The EPA rule became effective in August 2016 and required regulated entities to conduct a monitoring survey by June 3, 2017.  After several industry associations filed a petition with the EPA seeking reconsideration of the rule and a stay of the compliance date pending reconsideration, the new EPA Administrator appointed by the Trump Administration announced that the EPA was convening a proceeding for reconsideration and issued a 90-day stay of the compliance date.  The EPA thereafter published a notice of proposed rulemaking and announced its intention to extend the stay for two years while it reconsidered the rule.  Several environmental groups then challenged the stay in the D.C. Circuit.

While agreeing with the EPA that an agency’s decision to grant a petition to reconsider a regulation is not a reviewable final agency action, the D.C. Circuit ruled that it did have authority to determine whether the stay was lawful.  According to the D.C. Circuit, by suspending the rule’s compliance date, the EPA’s stay was essentially an order delaying the rule’s effective date and therefore “tantamount to amending or revoking a rule.”  As a result, the D.C. Court concluded that it had jurisdiction to review the stay order’s validity.

The D.C. Circuit rejected the EPA’s reliance on its broad discretion to reconsider its own rules, observing that while agencies do have such broad discretion, they must comply with the Administrative Procedure Act (APA), including its notice and comment requirements.  It also rejected the EPA’s argument that it had inherent authority to stay or not enforce a final rule while it reconsidered the rule, and instead deemed it necessary for the EPA to “point to something in either the Clean Air Act or the APA” giving it authority to stay the rule.  The court then concluded that the only provision cited by the EPA, a Clean Air Act provision, did not give it the claimed authority because that provision only allowed a stay if reconsideration was mandatory and the court found reconsideration was not required.  However, the court also noted that “nothing in this opinion in any way limits the EPA’s authority to reconsider the final rule and to proceed with its June 16 NPRM.”

Based on the  D.C. Circuit’s Clean Air Council decision, it appears that while a new CFPB Director could issue a NPRM to reconsider a final arbitration rule, he or she might be unable to unilaterally stay the final rule’s compliance date.  Instead, it could be necessary for the new Director to propose a stay of the final rule pending its reconsideration that would be subject to notice and comment.

It is also possible that the CFPB will issue a final payday loan rule in the next few months.  Since the CFPB stated in its proposed rule that a final rule would generally not become effective until 15 months after its publication in the Federal Register and Director Cordray’s term expires in July 2018, even if Director Cordray stays at the CFPB until the end of his term, a new CFPB Director should be in place before a final payday loan rule becomes fully effective.
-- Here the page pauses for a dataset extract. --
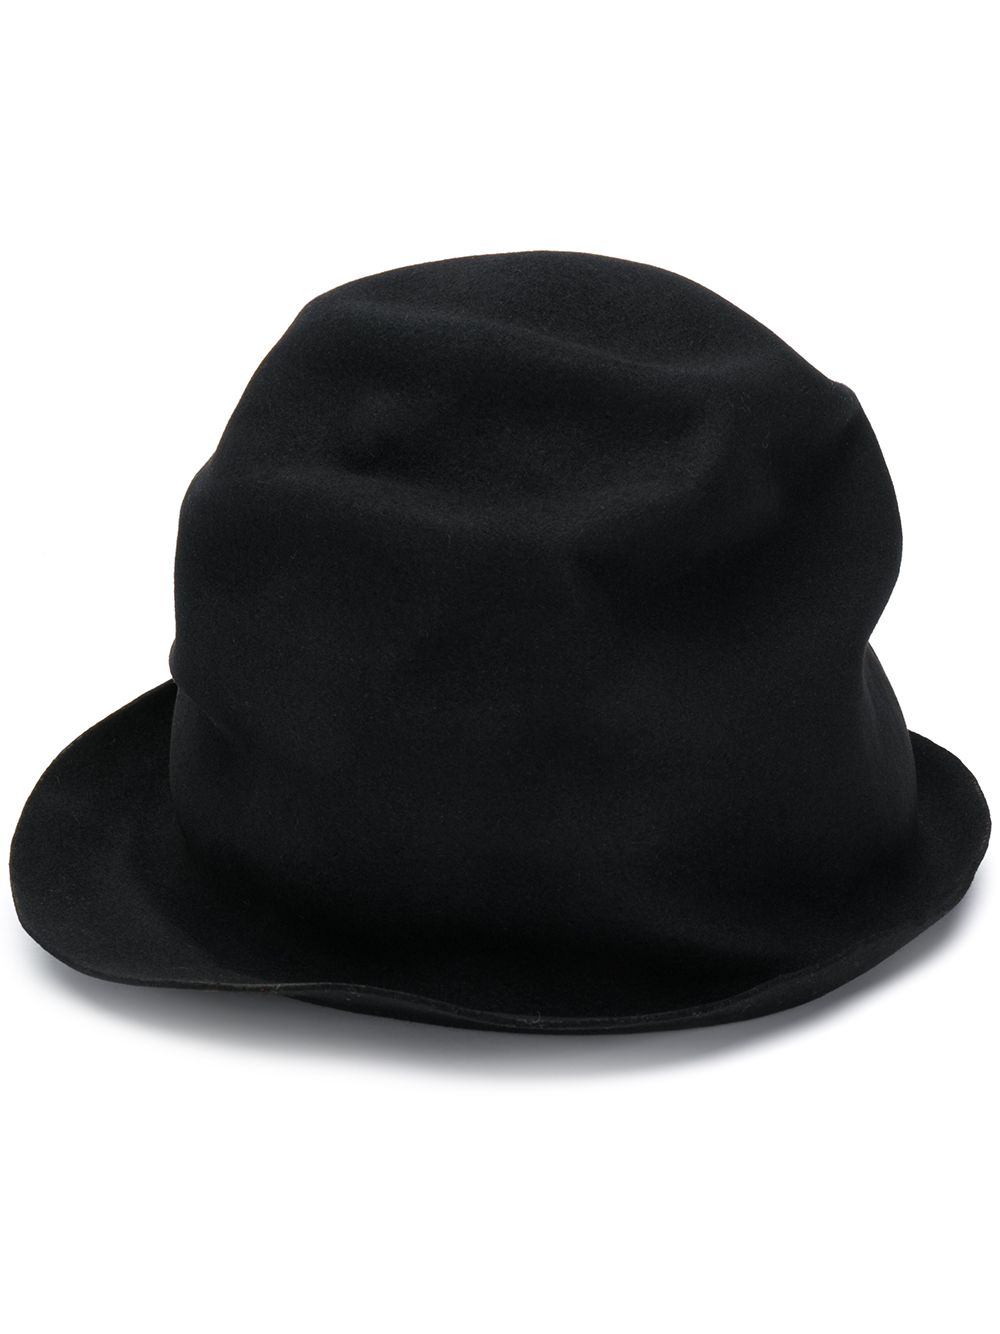 Horisaki 窄檐高顶帽 In Black

However, any stay of a final payday loan rule’s effective date by a new Director could similarly be subject to notice and comment.

Other possible routes exist for overturning a final arbitration or payday loan rule.  Either rule could be invalidated through legislation eliminating the CFPB’s authority to issue such rule, a resolution of disapproval under the Congressional Review Act, or a lawsuit challenging the rule’s validity based on the CFPB’s failure to comply with Section 1028 of Dodd-Frank (which authorized the CFPB to regulate pre-dispute consumer financial services arbitration provisions) and/or the APA.